Subject Re: [firebird-support] update, foreign keys, locking
Author Helen Borrie
At 07:36 AM 17/07/2003 +0100, you wrote:
>Unless I'm just off my rocker, I seem to remember that if you start
>updating a row, rows referenced
>by foreign key values will also get locked on that same transaction

Yes. This is what referential integrity is for.

> (or at least attempt to do so -- some sort of read-lock?)

No: it's a write lock. Unless isolation is TABLE STABILITY (i.e.
tiConsistency) readers will continue to see the last-committed versions of
both the parent and the dependent sets inside *their* transactions.

>In our case, this meant that if you're in the middle of updating
>someone's SSN, and you try to also update their address (popup-screen of
>dependent record on a
>different transaction) you'll get a deadlock (we use NOWAIT, so it's at
>least not too irritating.)

True. Because the DB does not support column-level locking. The engine
cannot tell in advance which column(s) each transaction will update - it
might be the linking key, or the row might even be deleted. So - with
optimistic locking - if your transaction manages to get the lock on the
master record, it means it also has locks on the dependent records, as long
as the DML stays pending.

>(when someone starts editing, we explicitely do 'update {tablename} set id
>= id where id = {value}' -- this conflicts with parent records already
>being edited.

NOWAIT is correct for this - all the app has to do is catch the lock
exception and tell the user that someone else is already updating this set
of data.

>as we've already selected the data, we don't bother reselecting 'for update'.)
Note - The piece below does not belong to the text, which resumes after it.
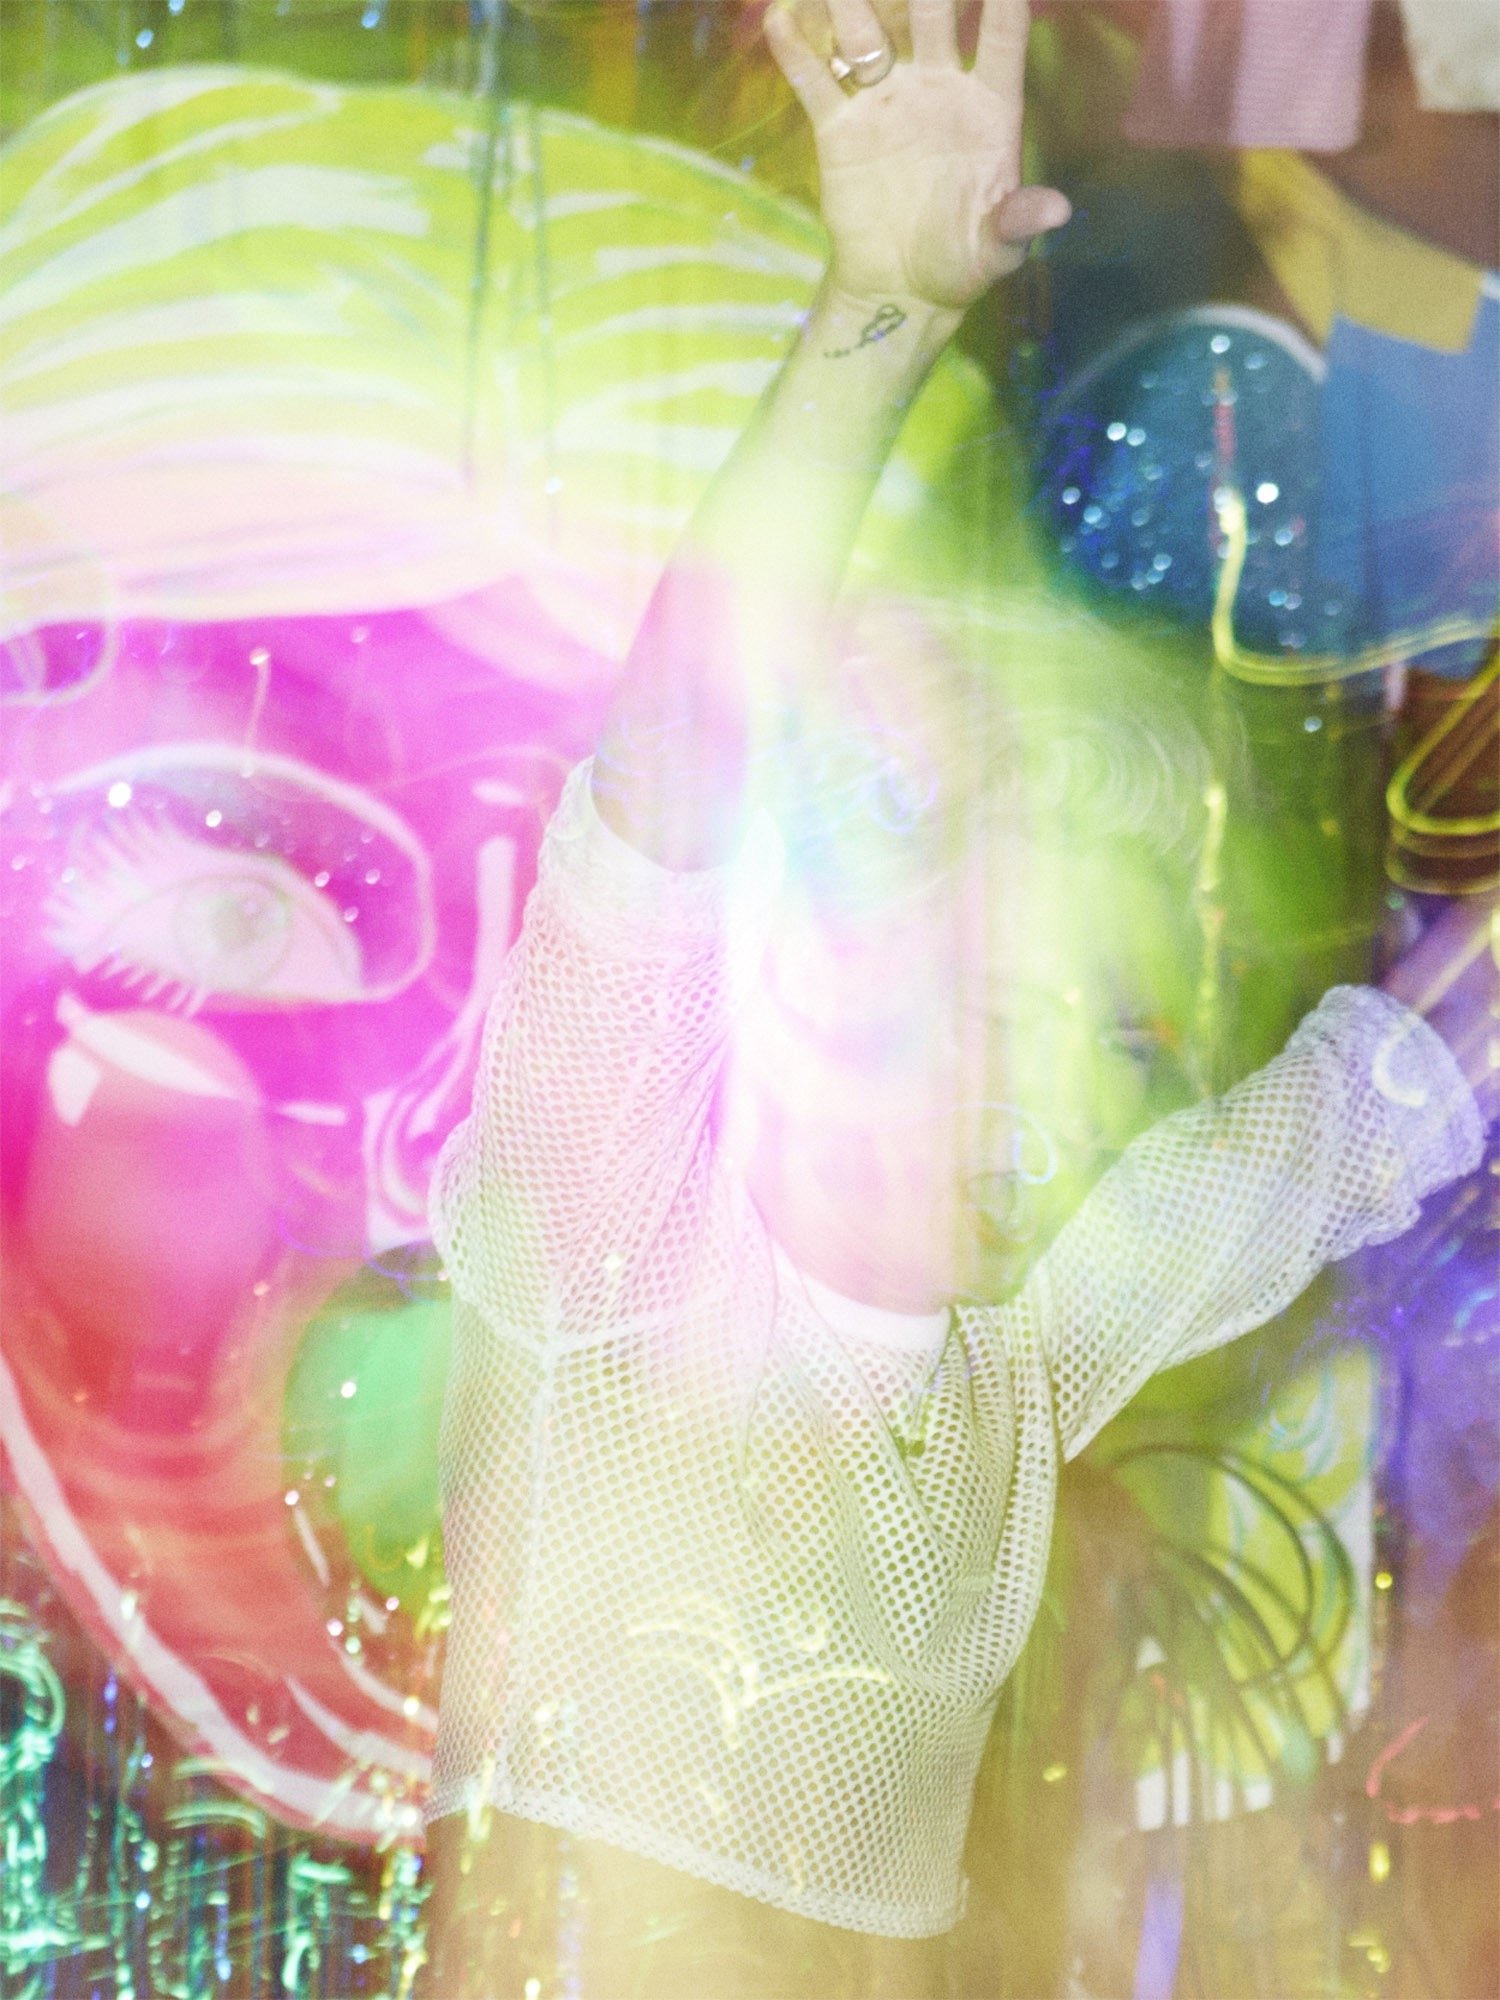 Ponystep 00123_F1_RGB.jpg

Selecting 'for update' in an ordinary SELECT statement does absolutely
nothing to the lock status of any row in the output set. It simply causes
the server to send over one row at a time and wait to be asked for the next
one. It does have a purpose when the SELECT output is assigned to a named
cursor - it makes it valid for subsequent UPDATE and DELETE statements to
be applied to the current row pointed to by the cursor, via a WHERE CURRENT
OF <cursorname> construction.

>We've not really minded ... but I was wondering if someone could give me
>the theory behind this?

It's very simple - it's an optimistic row-level locking model: first come,
first served. You can read the set for ever and a day. Once you pick row
x and successfully request *any* sort of DML change to it, then row x and
all of its dependencies are protected, for whatever you want to do to them,
until the transaction ends.

You're treating it as "inconvenient" that one transaction is prevented from
deleting or changing rows that depend on a row that another transaction is
working on. It would be a heck of lot more "inconvenient" if transactions
were allowed to ignore the integrity rules.
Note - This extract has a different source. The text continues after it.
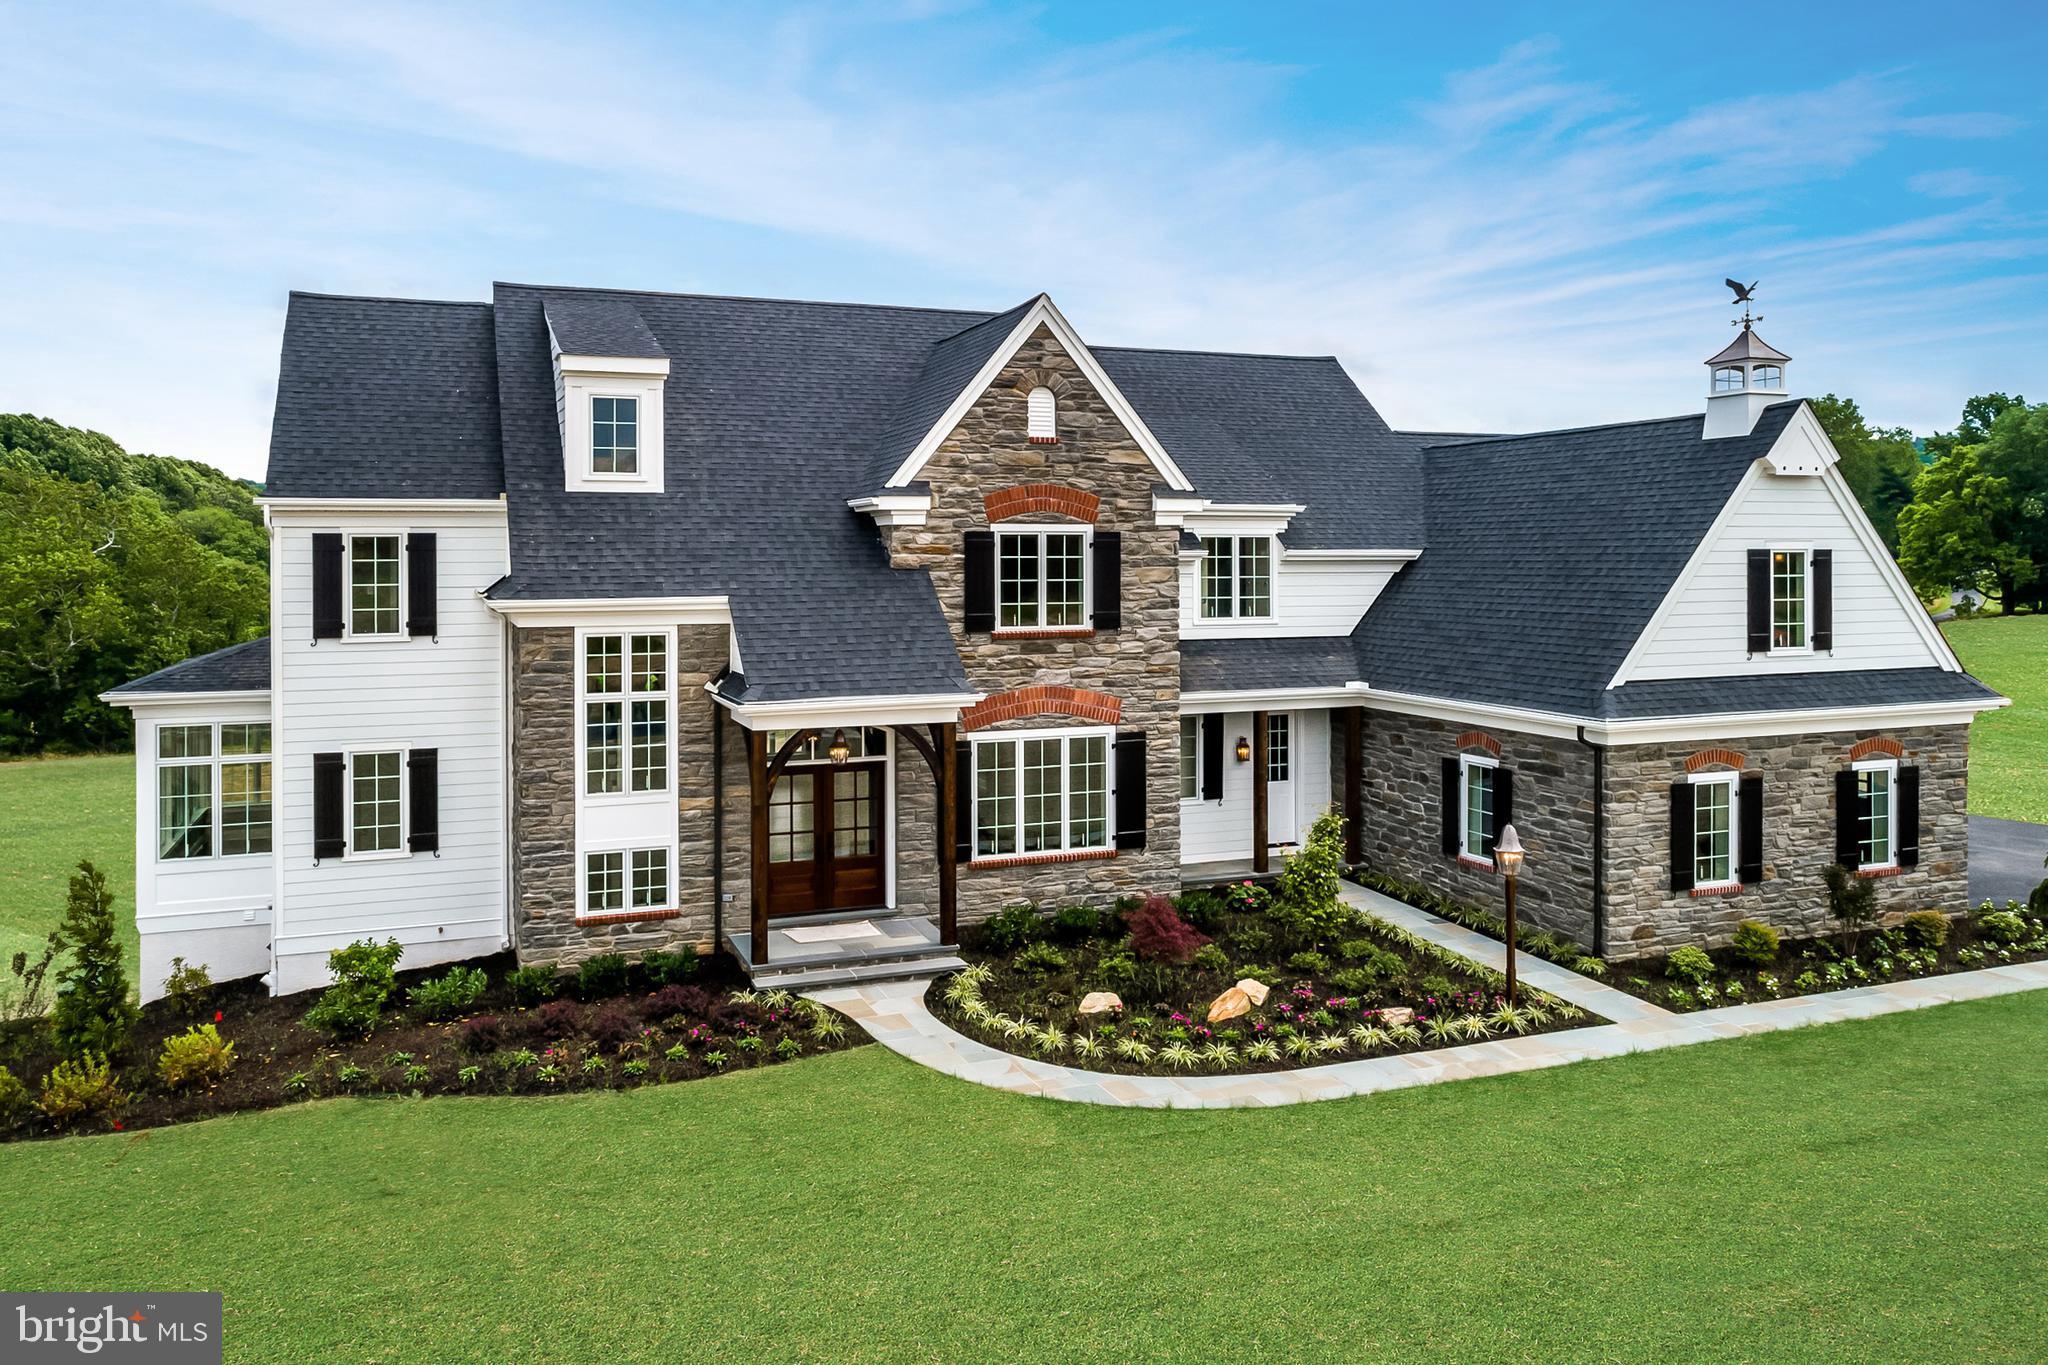 550B HOPWOOD ROAD, COLLEGEVILLE, Pennsylvania 19426, 4 Bedrooms Bedrooms, ,5 BathroomsBathrooms,Single Family,For Sale,550B HOPWOOD ROAD,PAMC690850

>Why would you automatically lock rows referenced (such as master records)
>when updating others (dependent records)? Is it necessary to reduce
>logical errors from multiple transactions competing for resources that
>aren't the identical, but related?

"Related" is the key concept here. The integrity of relationships is
enforced by the ways in which rows are related. In an optimistic locking
system, where no locks exist until the moment that a DML request succeeds,
there is no room for the engine to guess the mind of the user. *You* are
choosing to crag up the dependencies by using pessimistic locking. That's
the price you pay for going against the optimistic model.

>In case it matters, methinks we're still running 1.0.2 ... and of course,
>again, I could just be remembering incorrectly.

I think if you have made it so that your DML requests never done anything
but force a pessimistic lock the moment a user starts editing a row -
apparently to avoid deadlocks!! - then you don't really understand how
optimistic locking works (or you do understand it but prefer to avoid
handling concurrency conflicts!). Pessimistic locking doesn't fit into the
optimistic locking model. Your client-side pess. locking is a hack for the
rare conditions when it is desirable. If you want to use it in unintended
ways so you don't have to handle any deadlocks, then you gets what you pays

I've said it before and I'm saying it again - a deadlock is NOT a
problem. It is a database condition which the server conveniently signals
back to the client for immediate handling. Deadlocks are MEANT to
happen. Developers of client/server applications are MEANT to manage them.